Dynamic information can be collected by modifying the source files, modifying the object files, linking in different libraries, modifying the application executable, or running a separate process to monitor the behavior of the original.
There are several reasons why static analysis may be more effective than dynamic analysis in diagnosing a problem. Static analysis evaluates all code in an application. It can find defects in code not exercised by a particular test run. Actually running an application may take significant resources in a production environment. Sometimes those resources aren’t available to developers. Static analysis can be done offline in a development environment.

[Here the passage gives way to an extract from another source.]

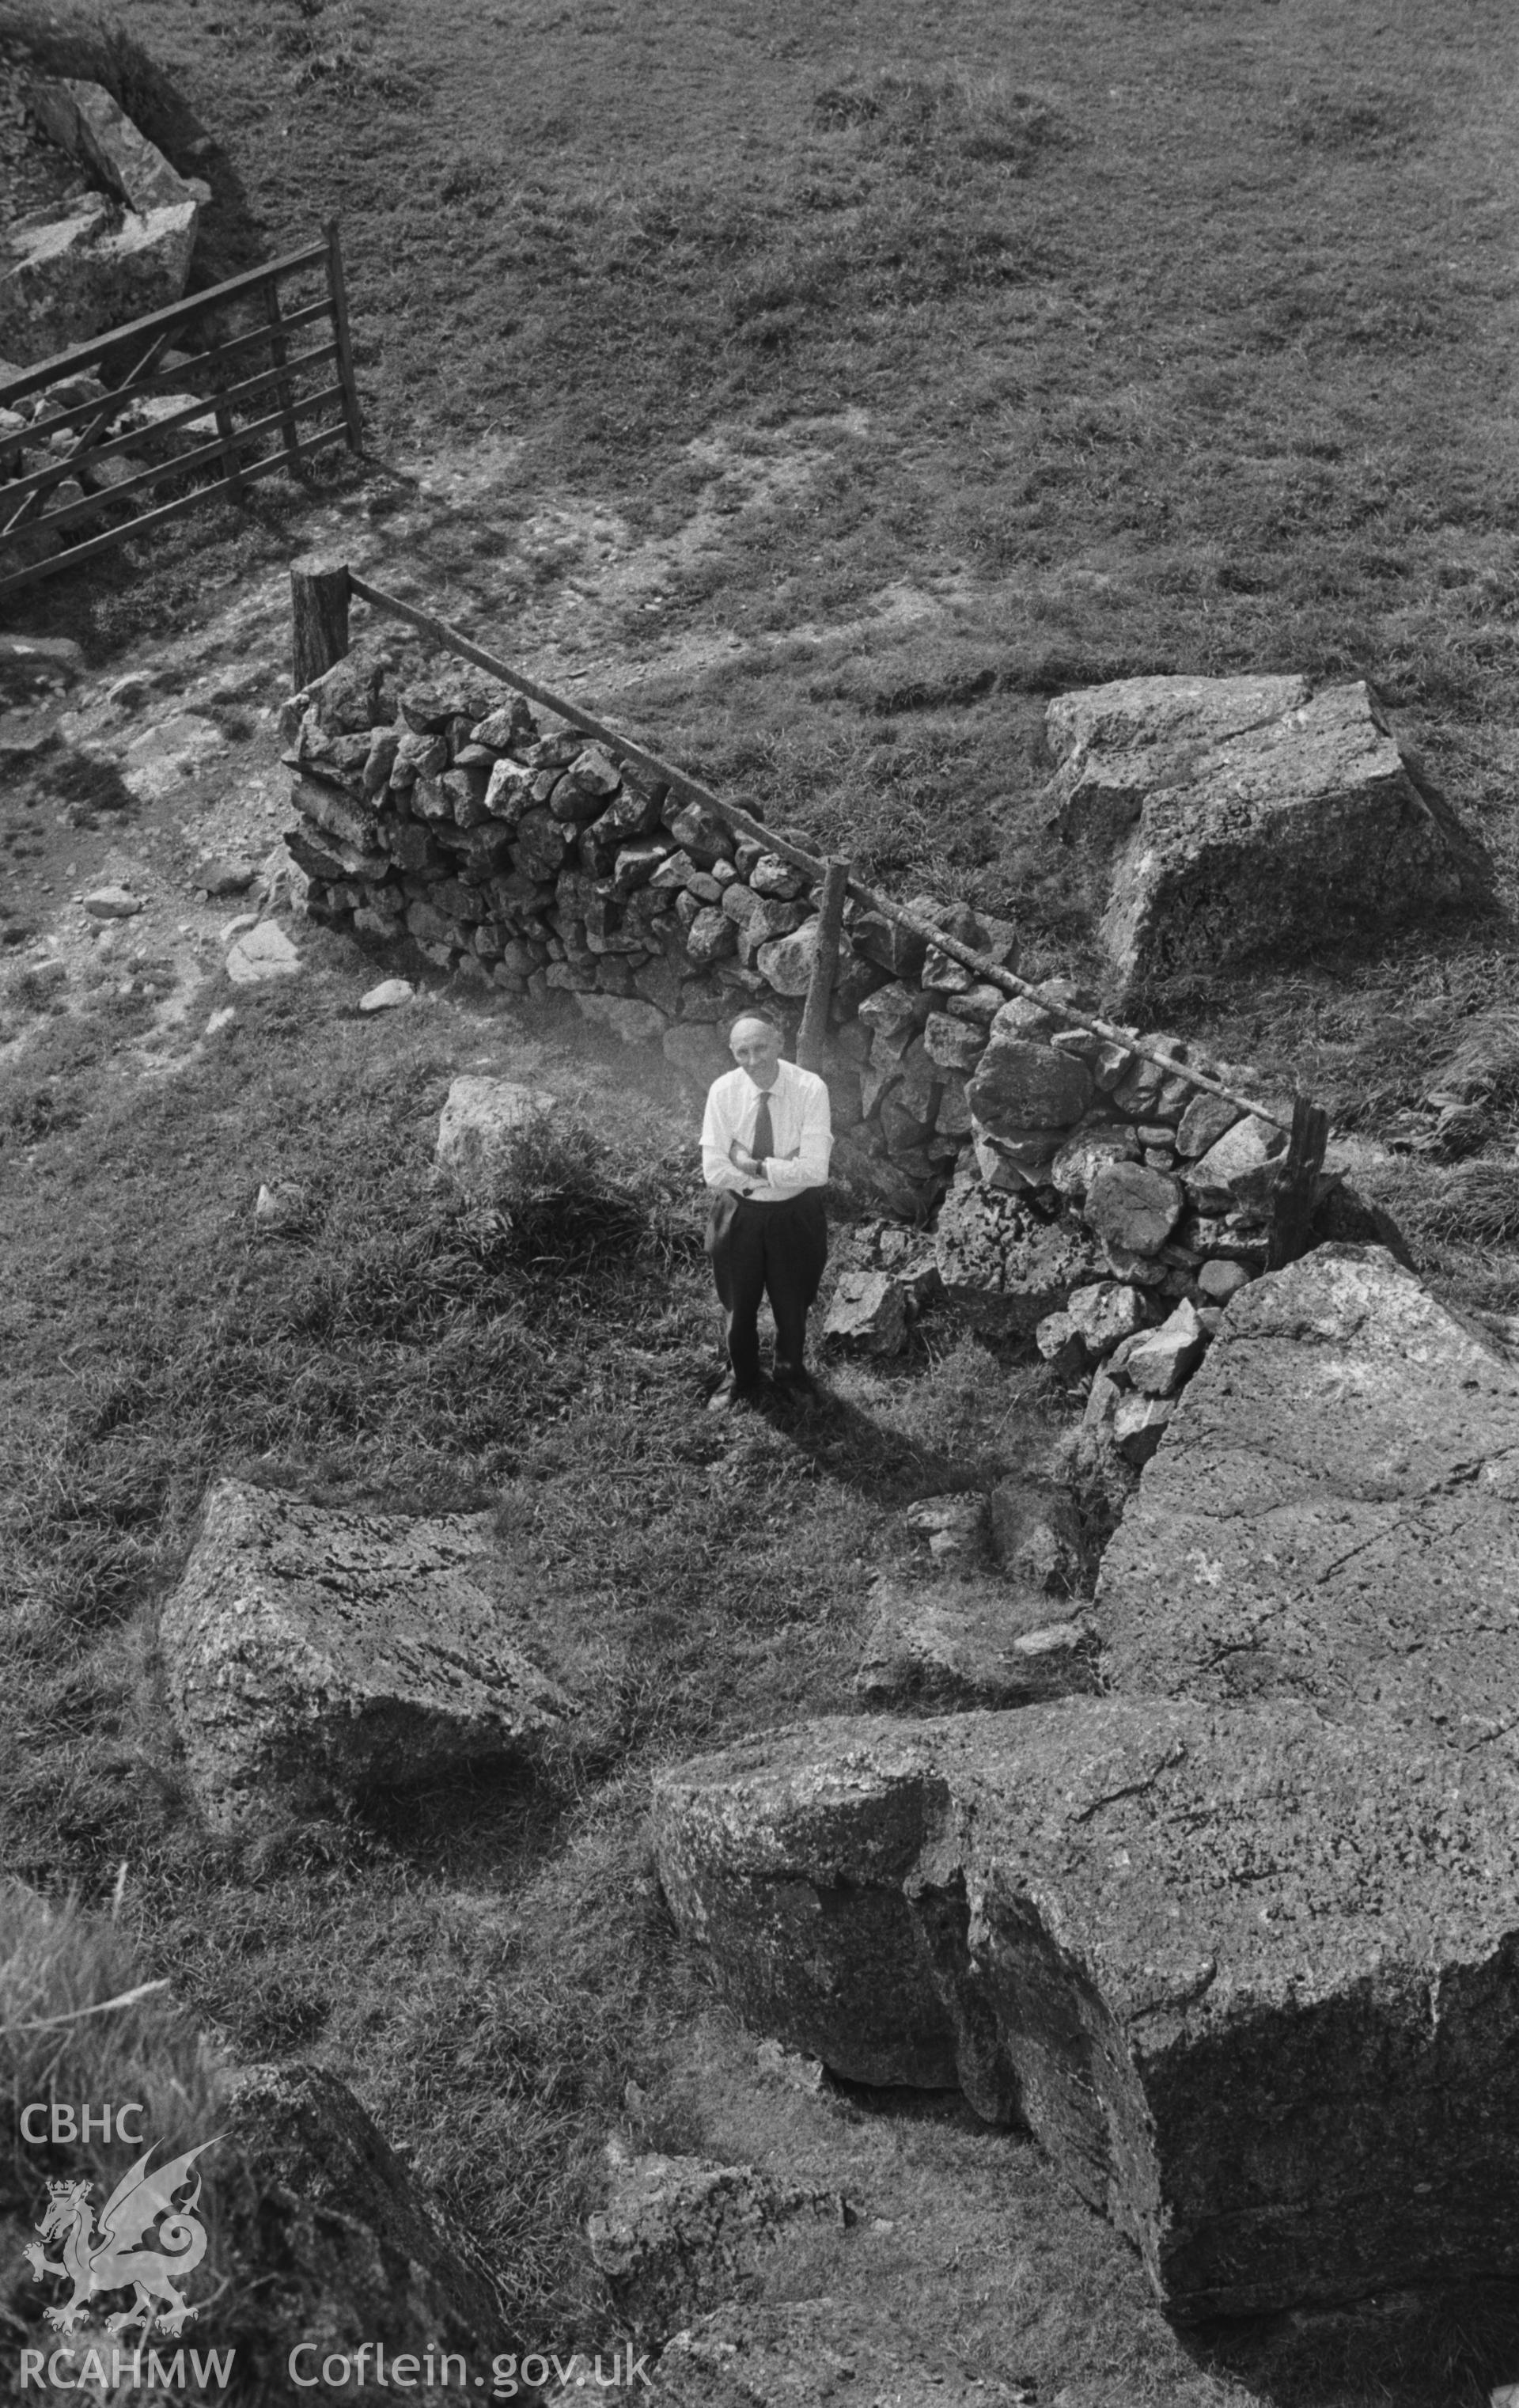 Digital copy of a black and white negative showing man near stone field boundaries at Llanrhaeadr-ym-Mochnant. Photographed by Arthur O. Chater in September 1964.

On the other hand, static evaluation isn’t without its drawbacks. Static analysis requires source code, which normally excludes system and third-party libraries from the analysis. Static analysis often takes more time than dynamic analysis.
Splint is an open-source tool for statically checking C programs. It is available for download from www.splint.org. Splint is a derivative of LCLint, which was developed by MIT and DEC SRC [GH93].
It can be used as a substitute for UNIX™ lint. By adding annotations to programs, it can perform stronger checks than any standard lint can. Annotations are stylized comments that document assumptions about functions, variables, arguments, and types.
The following problems, among others, can be detected by Splint with just source code:
Variables used before being assigned
Function return values that are ignored
Execution paths with no return
Switch cases that fall through
Apparent infinite loops
The following problems, among others, can be detected by Splint with annotation information:
Dereferencing pointers with possible null values
Using storage that is undefined or partly undefined
Returning storage that is undefined or partly defined
Using deallocated storage
Inconsistent modification of caller visible states
Unexpected aliasing or data-sharing errors
Inconsistent use of global variables
Violations of information hiding
Undefined program behavior due to evaluation order, incomplete logic, infinite loops, statements with no effect, and so on
Problematic uses of macros
Special comments, called annotations, are used to provide extra information about types, variables, and functions. These comments start and end with the “at” sign (@).
Splint provides several hundred command-line options to control its error checking:
Global options control initialization.
Message format options control message display.
Mode selectors provide coarse control of checking.
Checking options select checks and the classes of reported messages.
Global options are used on the command line or in initialization files. The other options can be used in control comments in the source as well.
Splint detects null pointer dereferences by analyzing pointers at procedure interface boundaries. If this checking is turned on, the program must protect all dereferences to possible null pointers with either guard statements or annotations that declare the safety of various pointer constructs.
Splint detects local variable references that may occur before a valid value is assigned to the variable. Unless references are annotated, the storage referred to by global variables, function arguments, and function return values must be defined before and after function calls.
Instead of treating user-defined enumeration as integers, Splint treats each enumeration as a distinct type. Similarly, instead of treating char data as integers, Splint treats it as a distinct type. Splint also provides a Boolean type that is treated differently from integers, making it possible to check for common errors in control-flow statements.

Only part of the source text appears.